The aforementioned widgets are given a label and assigned to a horizontal box within a parent vertical box.

In [None]:
box1 = HBox([
    Label('Distance From Home (MI):'),
    distance_from_home_slider
])

box2 = HBox([
    Label('Distance From Last Transaction (MI):'),
    distance_from_last_transact_slider
])

box3 = HBox([
    Label('Ratio to Median Purchase Price:'),
    ratio_to_median_purchase_price_slider
])

box4 = HBox([
    Label('Was this a repeat retailer?'),
    repeat_retailer_selector
])

box5 = HBox([
    Label('Was the chip used?'),
    utilized_chip_selector
])

box6 = HBox([
    Label('Was the pin used?'),
    utilized_pin_selector
])

box7 = HBox([
    Label('Was this an e-commerce order?'),
    ecommerce_selector
])

VBox([box1, box2, box3, box4, box5, box6, box7,])

# User Input Data Processing

In this section, all values are obtained from the widgets. The model provided by the user is then tested. A method is created that defines if the user submitted model is fraudulent or legitimate.

In [None]:
feature_names = X.columns

distance_from_home = distance_from_home_slider.value
distance_from_last_transact = distance_from_last_transact_slider.value
ratio_to_median_purchase_price = ratio_to_median_purchase_price_slider.value
repeat_retailer = repeat_retailer_selector.value
utilized_chip = utilized_chip_selector.value
utilized_pin = utilized_pin_selector.value
ecommerce_order2 = ecommerce_selector.value

#Test Model
transact = pd.DataFrame(data=([[distance_from_home, distance_from_last_transact, ratio_to_median_purchase_price,
                                repeat_retailer, utilized_chip, utilized_pin, ecommerce_order2]]),
                        columns=feature_names)

#print
def run_model(dataframe):
    distance_from_home = distance_from_home_slider.value
    distance_from_last_transact = distance_from_last_transact_slider.value
    ratio_to_median_purchase_price = ratio_to_median_purchase_price_slider.value
    repeat_retailer = repeat_retailer_selector.value
    utilized_chip = utilized_chip_selector.value
    utilized_pin = utilized_pin_selector.value
    ecommerce_order2 = ecommerce_selector.value

    transact = pd.DataFrame(data=([[distance_from_home, distance_from_last_transact, ratio_to_median_purchase_price,
                                    repeat_retailer, utilized_chip, utilized_pin, ecommerce_order2]]),
                            columns=feature_names)
    result = model.predict(transact)
    if result[0] == 0.0:
        print("The transaction is legitimate!")
        print(f'{distance_from_home, distance_from_last_transact, ratio_to_median_purchase_price, repeat_retailer, utilized_chip, utilized_pin, ecommerce_order2}')

    else:
        print("The transaction is fraudulent!")
        print(f'{distance_from_home, distance_from_last_transact, ratio_to_median_purchase_price, repeat_retailer, utilized_chip, utilized_pin, ecommerce_order2}')

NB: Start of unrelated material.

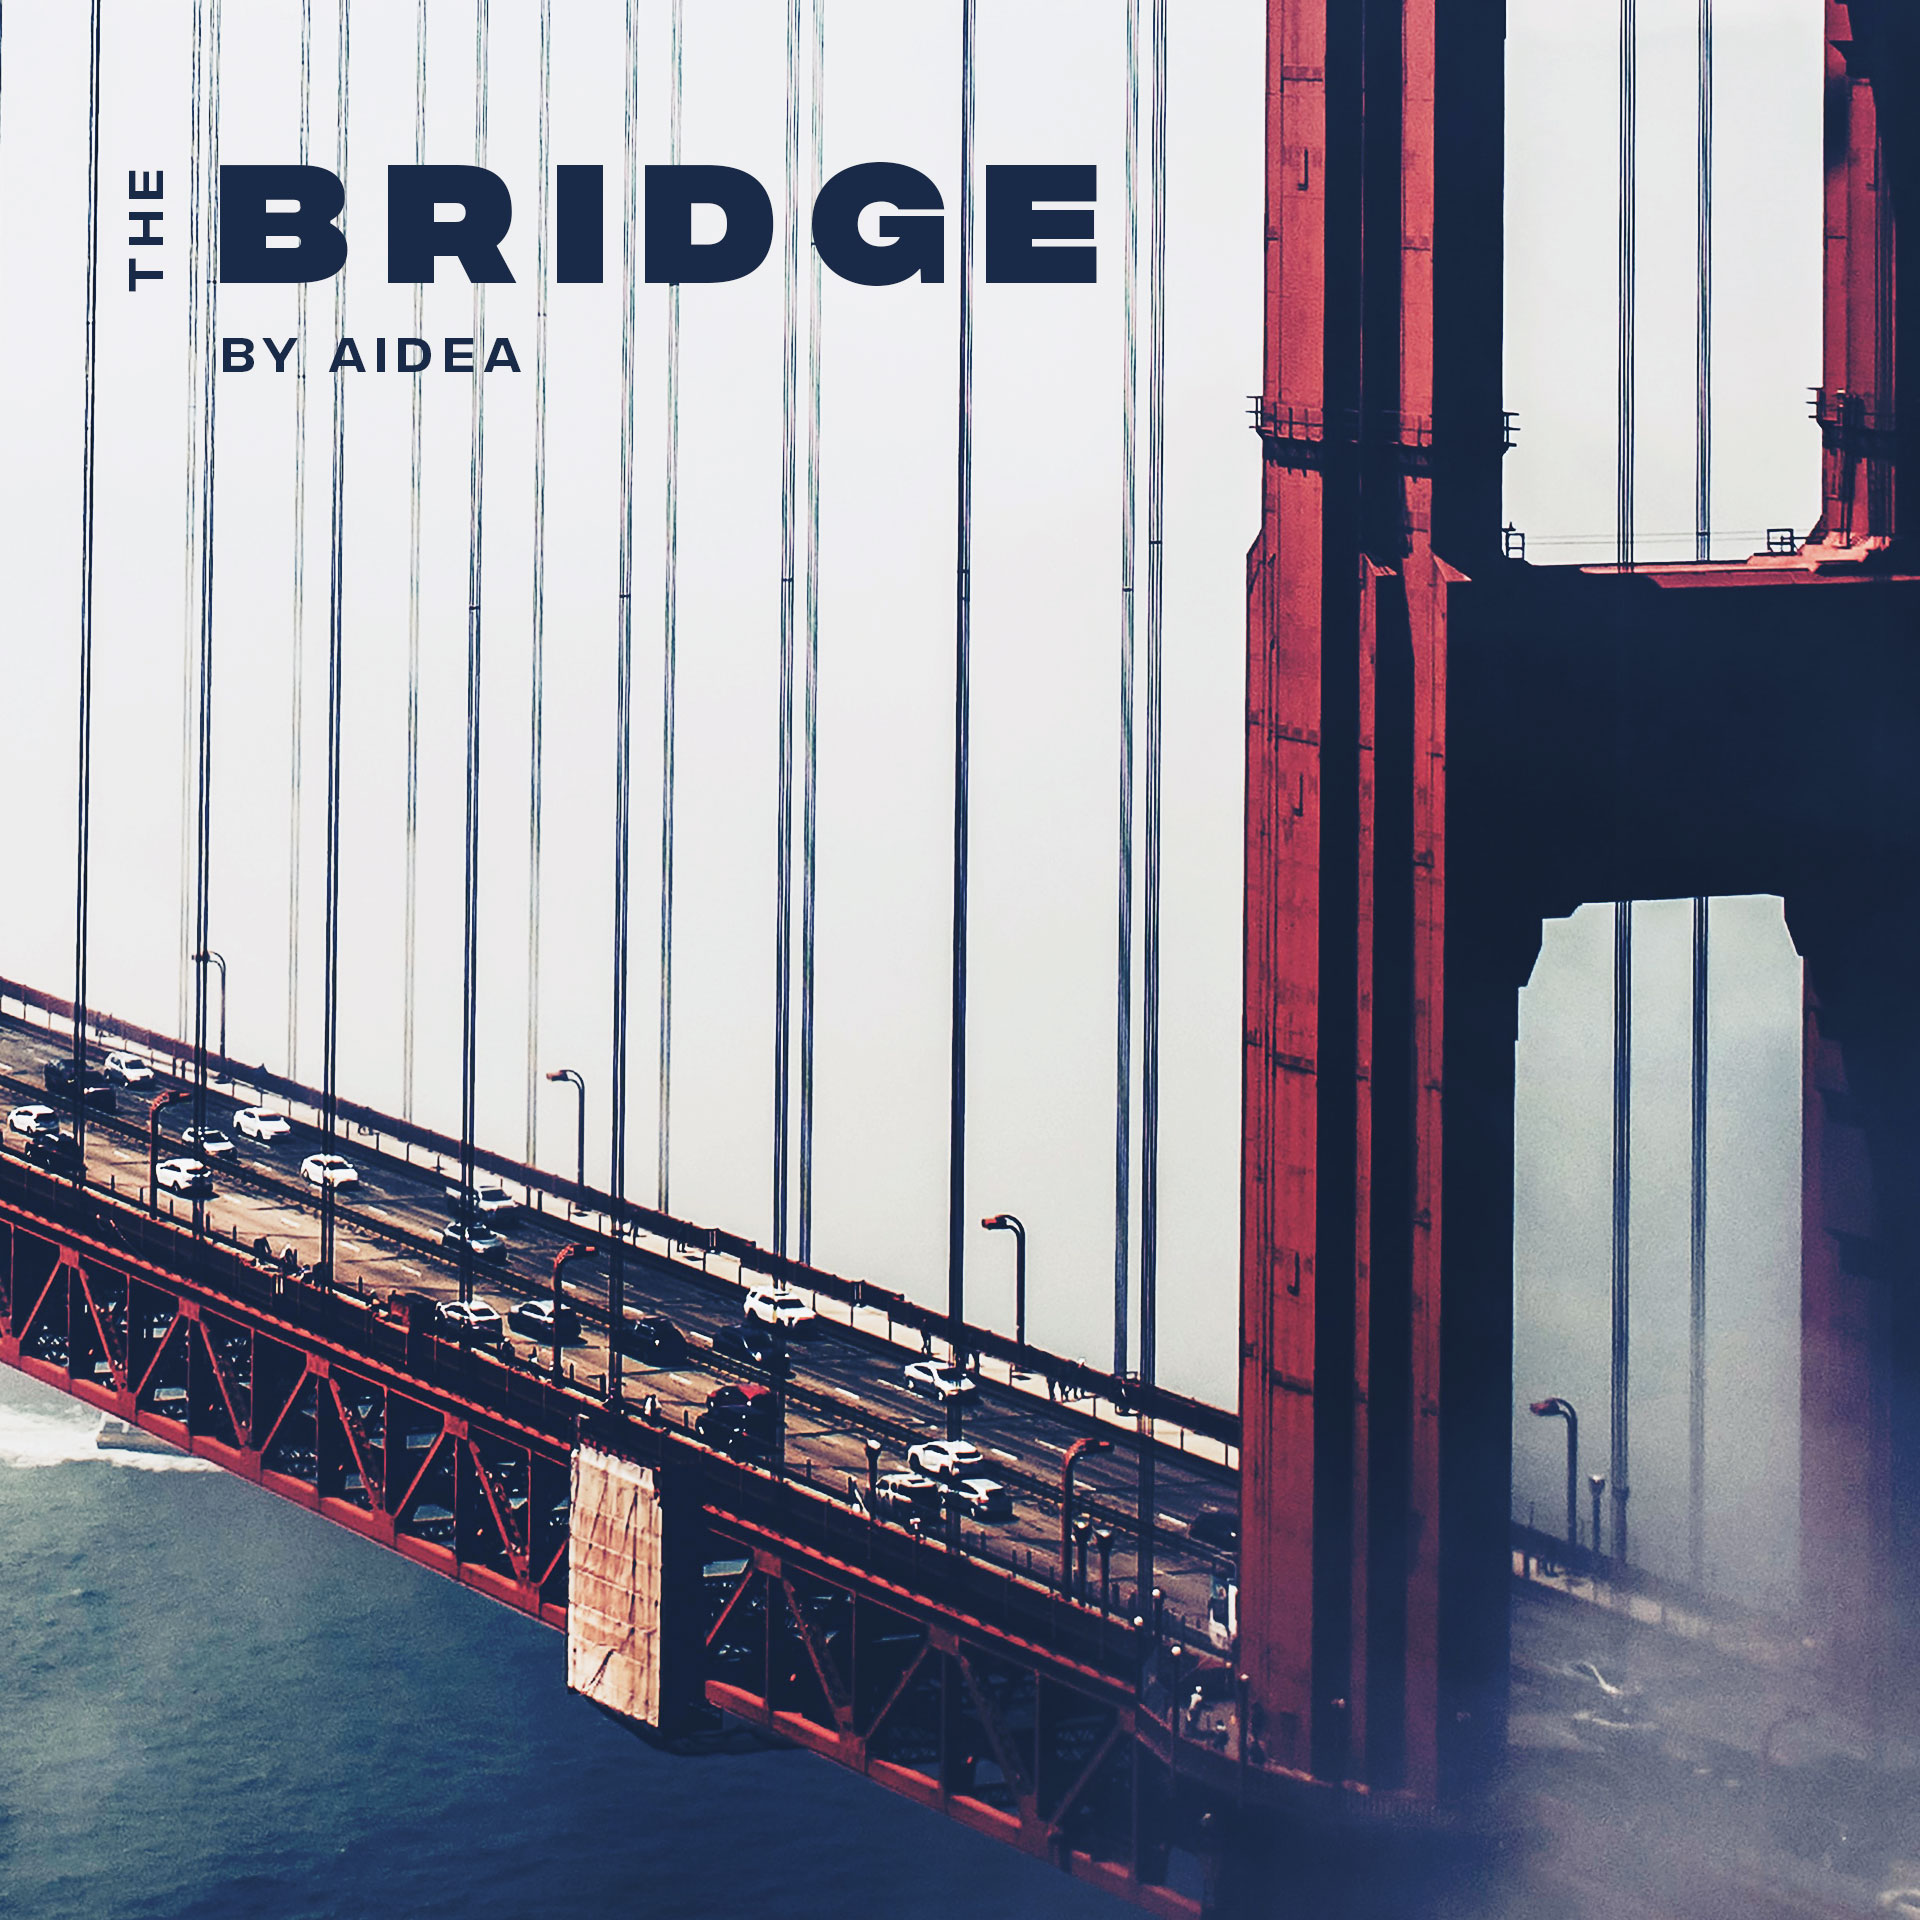 aidea album the bridge

# Run User Data Against Model

In this section, the previously provided user data is ran against the algorithm. Upon the user clicking 'Run model', the system will output the results.

In [None]:
button = widgets.Button(
    description='Run Model',
    disabled=False,
    button_style='success',
    tooltip='Run Model',
    icon='check'
)

output = widgets.Output()

display(button, output)

def on_button_click(b):
    with output:
        run_model(transact)

button.on_click(on_button_click)

# Recap

Throughout this report the following was accomplished:

-Data was prepared by importing and creating a dataframe.

-An Exploratory Data Analysis (Descriptive Method) was conducted using visualization library like matplotlib.

-The correct estimator/algorithm for the problem and dataset was chosen.

-Test and train splits, the feature variables, and the target variable were created.

-The test was fitted on the selected model.

-Model was evaluated.

-Trained model was saved and loaded.

-User input was captured and saved as a model.

-Model was used to predict whether a credit card transaction is fraudulent.